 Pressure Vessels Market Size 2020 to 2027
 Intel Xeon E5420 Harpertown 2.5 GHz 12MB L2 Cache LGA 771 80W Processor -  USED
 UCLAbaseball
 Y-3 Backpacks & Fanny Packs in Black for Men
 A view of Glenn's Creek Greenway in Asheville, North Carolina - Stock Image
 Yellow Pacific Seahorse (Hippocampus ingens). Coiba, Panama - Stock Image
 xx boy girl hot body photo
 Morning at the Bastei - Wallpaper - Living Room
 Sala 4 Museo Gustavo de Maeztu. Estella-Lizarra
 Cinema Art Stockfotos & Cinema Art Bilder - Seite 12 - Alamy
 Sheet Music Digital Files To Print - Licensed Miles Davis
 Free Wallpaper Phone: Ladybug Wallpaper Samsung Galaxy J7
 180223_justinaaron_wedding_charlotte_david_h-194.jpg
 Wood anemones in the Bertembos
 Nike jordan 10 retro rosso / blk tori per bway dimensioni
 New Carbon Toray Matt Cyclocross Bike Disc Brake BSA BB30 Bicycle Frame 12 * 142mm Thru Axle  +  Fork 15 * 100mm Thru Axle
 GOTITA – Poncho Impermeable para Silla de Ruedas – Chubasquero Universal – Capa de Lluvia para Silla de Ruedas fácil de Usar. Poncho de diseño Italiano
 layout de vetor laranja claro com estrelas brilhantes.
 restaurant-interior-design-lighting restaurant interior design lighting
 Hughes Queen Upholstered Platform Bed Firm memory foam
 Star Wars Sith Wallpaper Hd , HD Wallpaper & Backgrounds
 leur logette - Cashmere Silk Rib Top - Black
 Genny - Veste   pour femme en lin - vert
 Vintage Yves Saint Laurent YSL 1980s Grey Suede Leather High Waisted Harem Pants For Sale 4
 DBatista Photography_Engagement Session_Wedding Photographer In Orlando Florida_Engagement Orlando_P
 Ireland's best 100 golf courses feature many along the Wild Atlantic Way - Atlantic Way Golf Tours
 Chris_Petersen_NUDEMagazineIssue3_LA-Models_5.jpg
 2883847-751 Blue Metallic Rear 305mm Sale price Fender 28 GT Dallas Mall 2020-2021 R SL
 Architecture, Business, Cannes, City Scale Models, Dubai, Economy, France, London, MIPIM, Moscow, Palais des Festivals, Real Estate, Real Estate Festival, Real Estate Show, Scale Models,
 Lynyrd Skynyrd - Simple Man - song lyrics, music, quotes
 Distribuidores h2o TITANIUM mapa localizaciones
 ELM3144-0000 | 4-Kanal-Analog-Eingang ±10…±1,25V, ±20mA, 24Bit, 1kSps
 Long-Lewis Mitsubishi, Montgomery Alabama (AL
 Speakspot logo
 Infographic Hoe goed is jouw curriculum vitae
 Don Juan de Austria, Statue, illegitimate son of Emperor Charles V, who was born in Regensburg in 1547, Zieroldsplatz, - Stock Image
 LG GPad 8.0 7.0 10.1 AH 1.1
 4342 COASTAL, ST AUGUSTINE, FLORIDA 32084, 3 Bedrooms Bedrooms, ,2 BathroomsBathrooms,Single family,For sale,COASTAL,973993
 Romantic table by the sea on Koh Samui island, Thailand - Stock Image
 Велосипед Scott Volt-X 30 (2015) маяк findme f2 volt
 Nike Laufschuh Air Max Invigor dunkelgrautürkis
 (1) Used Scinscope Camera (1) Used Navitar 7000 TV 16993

### WHAT THE TASK ASKS
Reproduce exactly the stretch of the material above that starts at the line with "Sheet Music Digital" and ends at the line with "Speakspot logo", both included, and nothing else.

### EXERCISE RESPONSE
 Sheet Music Digital Files To Print - Licensed Miles Davis
 Free Wallpaper Phone: Ladybug Wallpaper Samsung Galaxy J7
 180223_justinaaron_wedding_charlotte_david_h-194.jpg
 Wood anemones in the Bertembos
 Nike jordan 10 retro rosso / blk tori per bway dimensioni
 New Carbon Toray Matt Cyclocross Bike Disc Brake BSA BB30 Bicycle Frame 12 * 142mm Thru Axle  +  Fork 15 * 100mm Thru Axle
 GOTITA – Poncho Impermeable para Silla de Ruedas – Chubasquero Universal – Capa de Lluvia para Silla de Ruedas fácil de Usar. Poncho de diseño Italiano
 layout de vetor laranja claro com estrelas brilhantes.
 restaurant-interior-design-lighting restaurant interior design lighting
 Hughes Queen Upholstered Platform Bed Firm memory foam
 Star Wars Sith Wallpaper Hd , HD Wallpaper & Backgrounds
 leur logette - Cashmere Silk Rib Top - Black
 Genny - Veste   pour femme en lin - vert
 Vintage Yves Saint Laurent YSL 1980s Grey Suede Leather High Waisted Harem Pants For Sale 4
 DBatista Photography_Engagement Session_Wedding Photographer In Orlando Florida_Engagement Orlando_P
 Ireland's best 100 golf courses feature many along the Wild Atlantic Way - Atlantic Way Golf Tours
 Chris_Petersen_NUDEMagazineIssue3_LA-Models_5.jpg
 2883847-751 Blue Metallic Rear 305mm Sale price Fender 28 GT Dallas Mall 2020-2021 R SL
 Architecture, Business, Cannes, City Scale Models, Dubai, Economy, France, London, MIPIM, Moscow, Palais des Festivals, Real Estate, Real Estate Festival, Real Estate Show, Scale Models,
 Lynyrd Skynyrd - Simple Man - song lyrics, music, quotes
 Distribuidores h2o TITANIUM mapa localizaciones
 ELM3144-0000 | 4-Kanal-Analog-Eingang ±10…±1,25V, ±20mA, 24Bit, 1kSps
 Long-Lewis Mitsubishi, Montgomery Alabama (AL
 Speakspot logo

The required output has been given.